### Required work
Skip the pictures and repeat each line of the data exactly.

### Available data
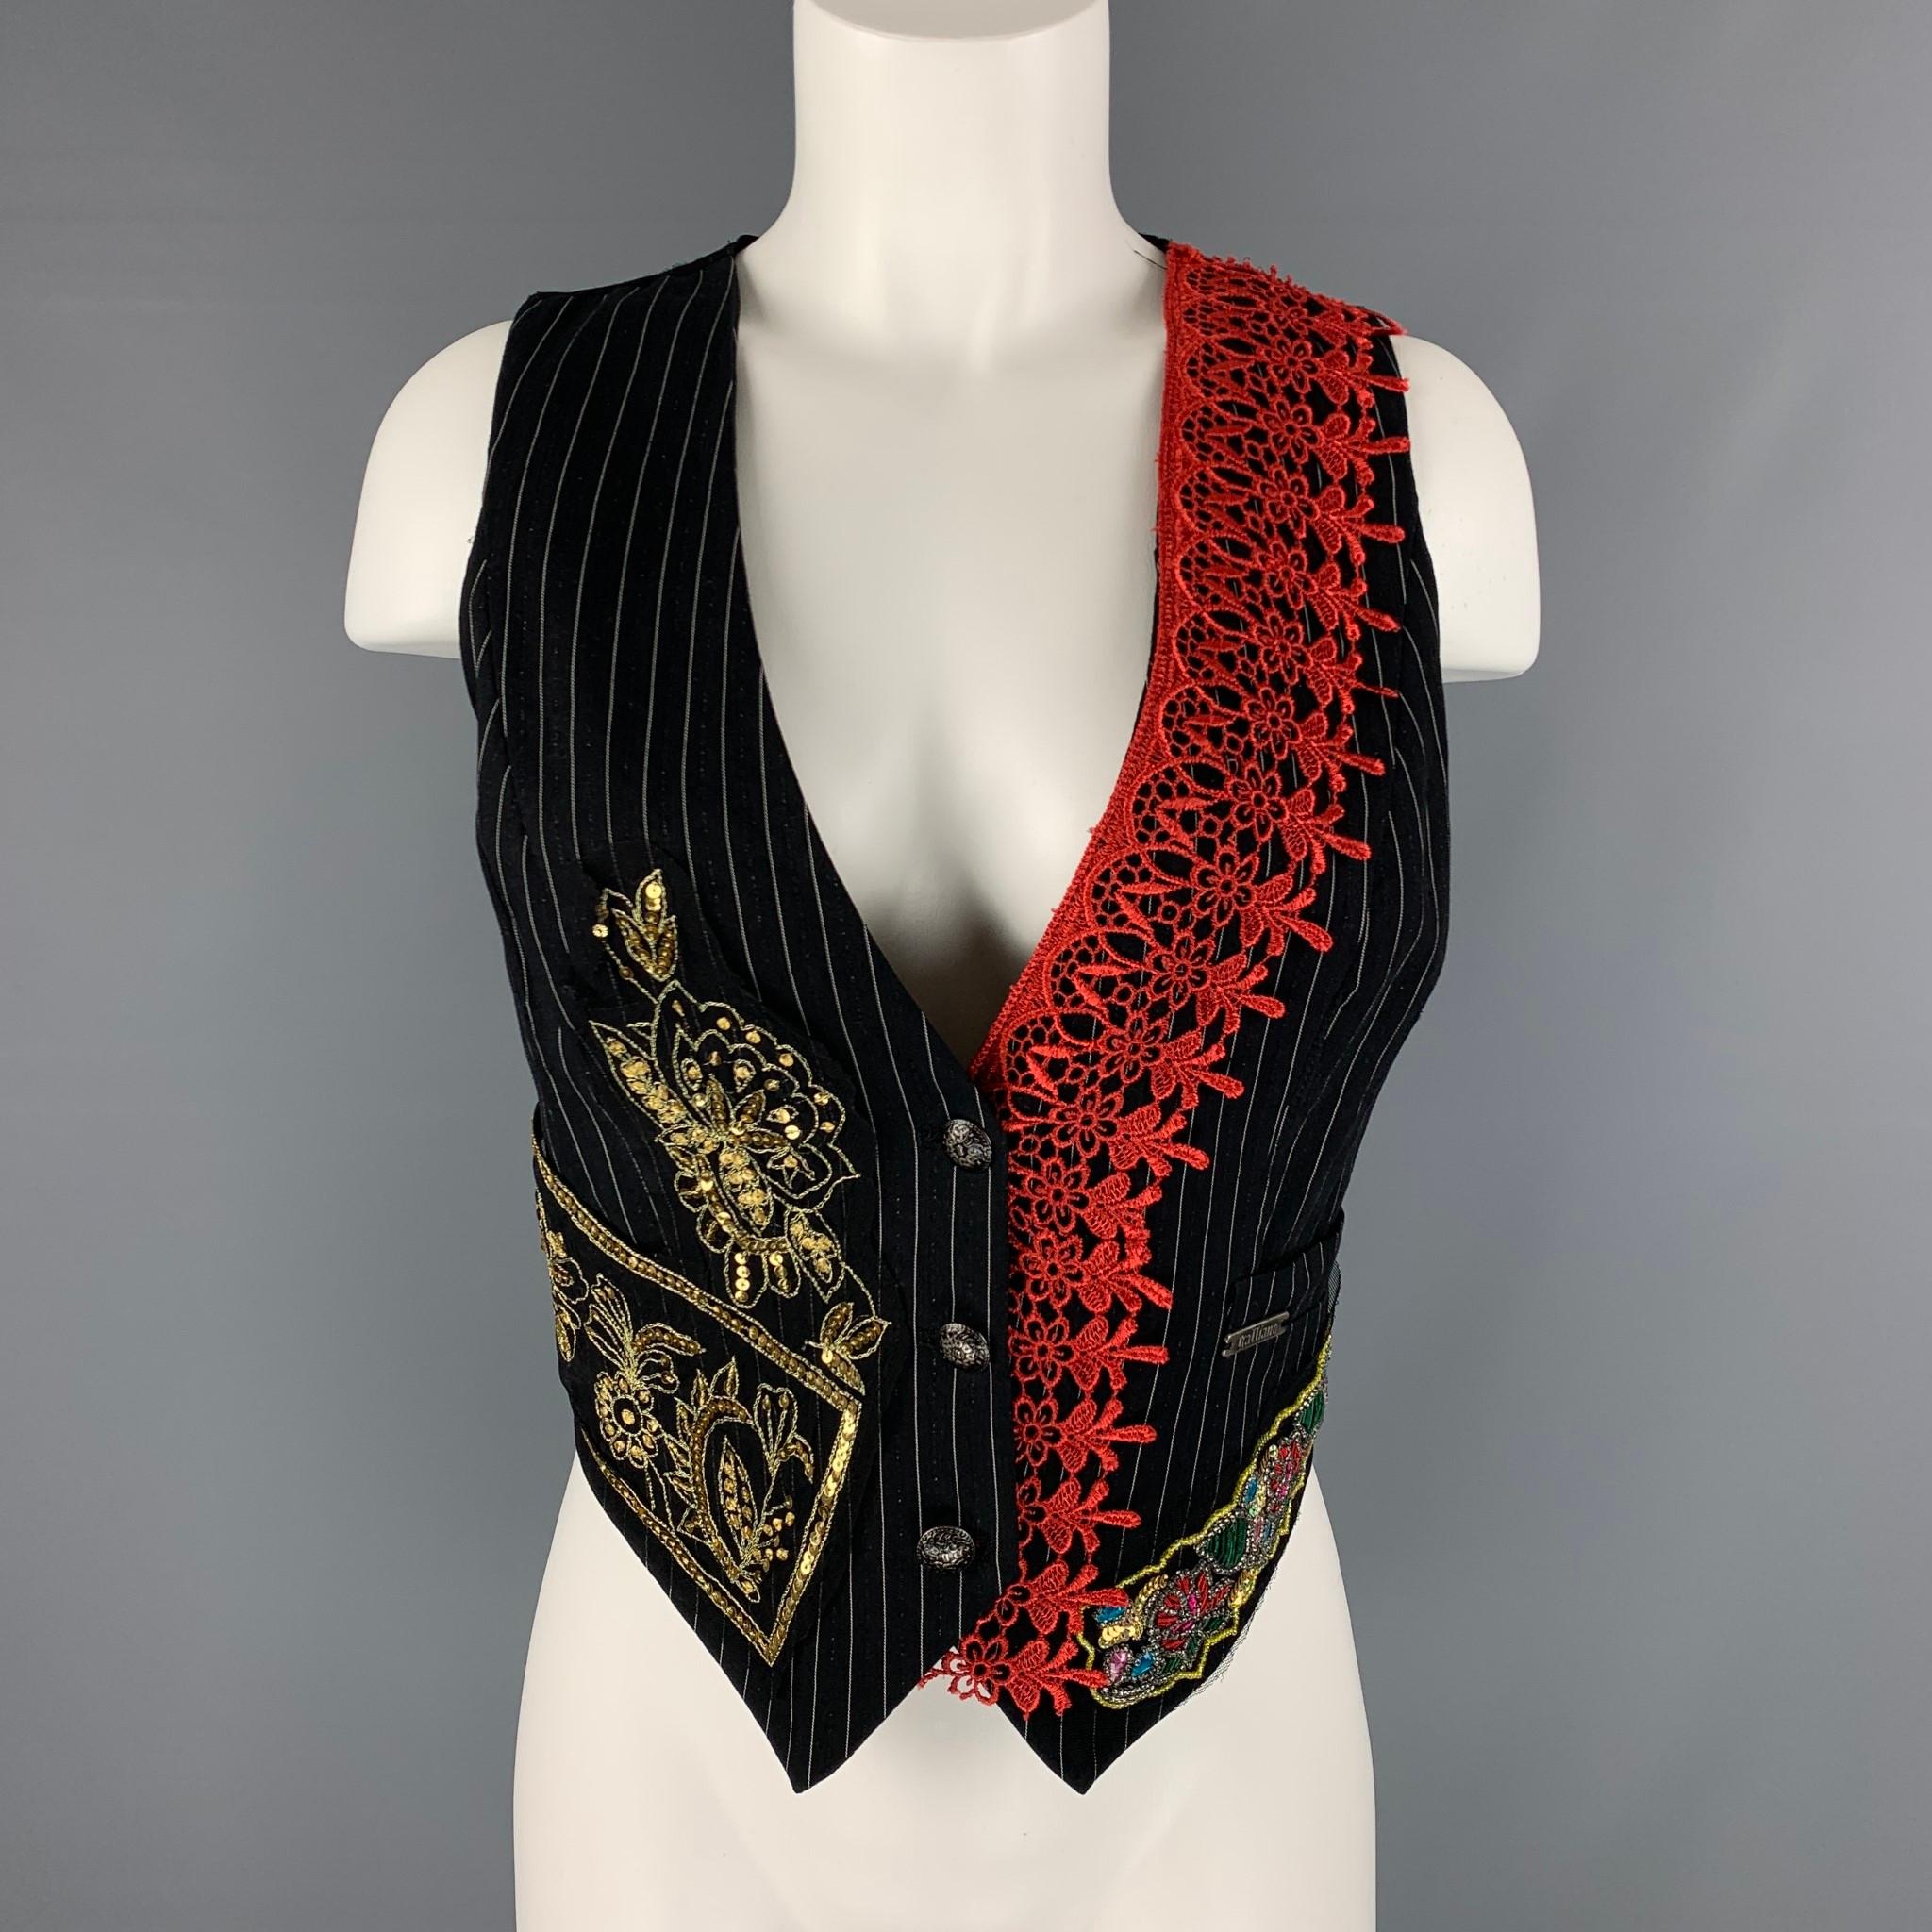 JOHN GALLIANO vest comes in black, red and gold pinstripe fabric with a v-neck, three buttons closure, beaded embroidery detail, newspaper print and lace detail and back belt.

Excellent Pre-Owned Condition.
Marked: no size

### Response to this task
 JOHN GALLIANO vest comes in black, red and gold pinstripe fabric with a v-neck, three buttons closure, beaded embroidery detail, newspaper print and lace detail and back belt.

Excellent Pre-Owned Condition.
Marked: no size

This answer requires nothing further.